Strict Standards : Buildings Fail Test for S. F. Downtown Plan


This city’s skyline beauty pageant is getting ready to introduce this year’s contestants.

The San Francisco Planning Department last month took a look at four candidates vying to erect new structures under the restricted-growth Downtown Plan. And the preliminary review showed the proposed edifices had a little shaping up to do.

Although the official date for Planning Commission review and approval will be later this month, there has been on-going evaluation of the proposals under the city’s office-space limit plan. Selection rules that will determine what projects can go ahead include:

--Suitability of the site for an office building.


--Job profile of workers--what types and how many.

--Owner entity.

--Impact on the master plan.

--Quality of building design.


--Effect of added new space on economic growth and downtown services.
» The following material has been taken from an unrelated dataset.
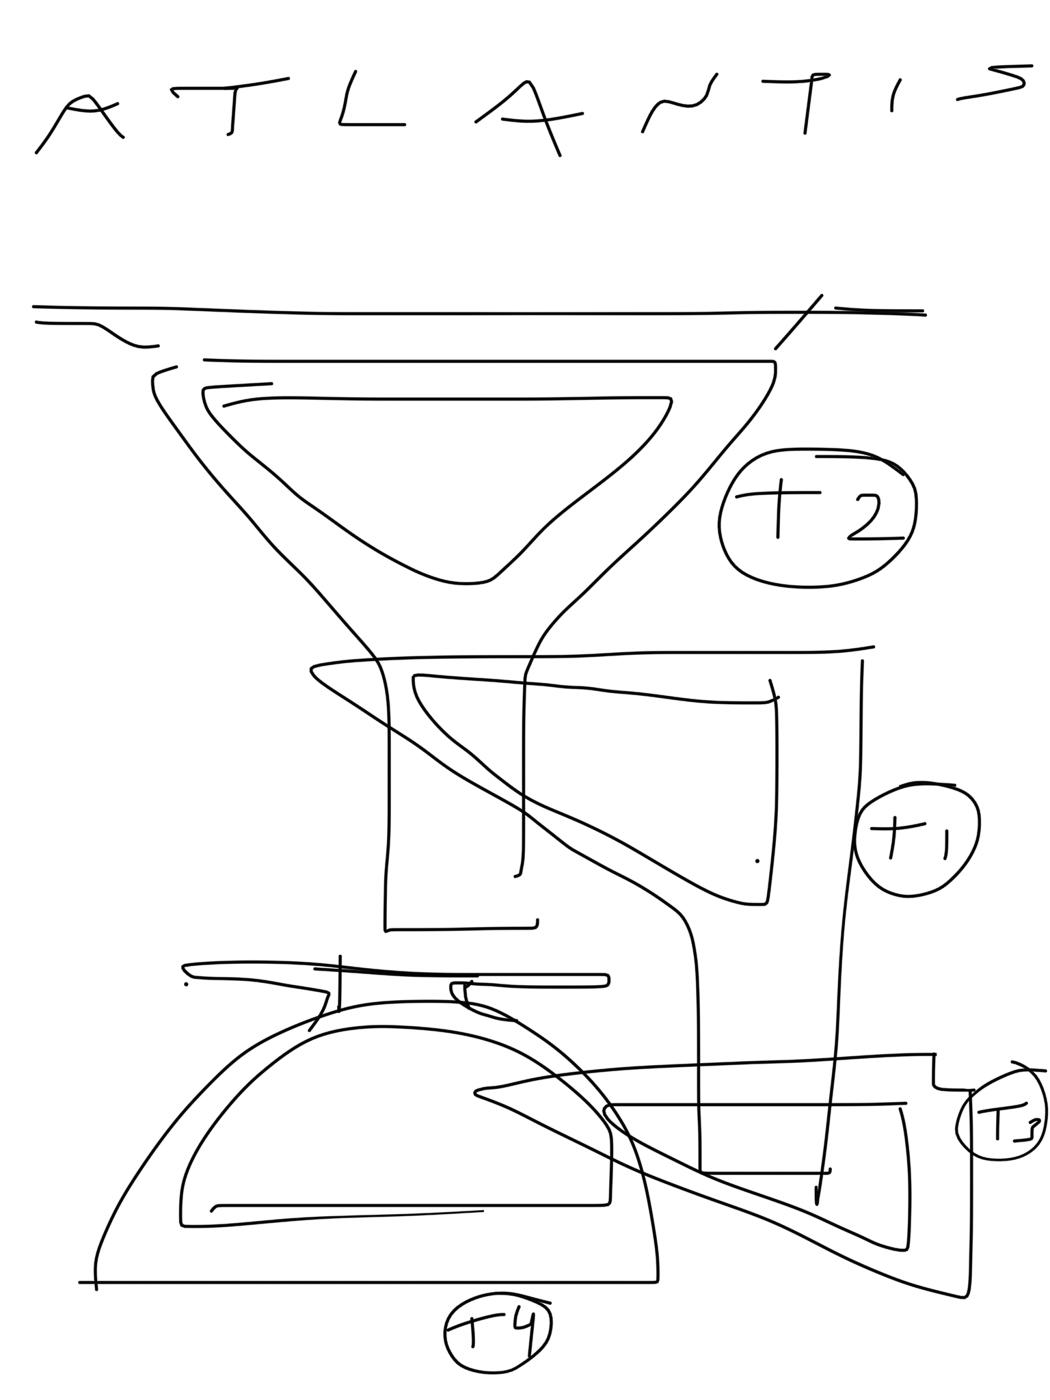 Sketch-438.jpg

In last month’s 53-page check-up, the Planning Department recommended that all four proposed structures should undergo some changes:

--At 299 2nd St., the 16-story, $21-million office retail complex was found to be inconsistent with the size and purpose of the building.

--At 235 Pine St., the 25-story, $55-million office tower needs better base design.


--At 524 Howard St., the 25-story, $22.5-million office retail building suffers from odd design of its massive tower.

--At 1601 Mission St., the eight-story Van Ness Gateway Center needs to simplify its architectural style at the upper floors.

All four candidates scored well on most of the master-plan considerations, the evaluation review stated. The first of the city’s Planning Commission official review meetings is scheduled for April 17.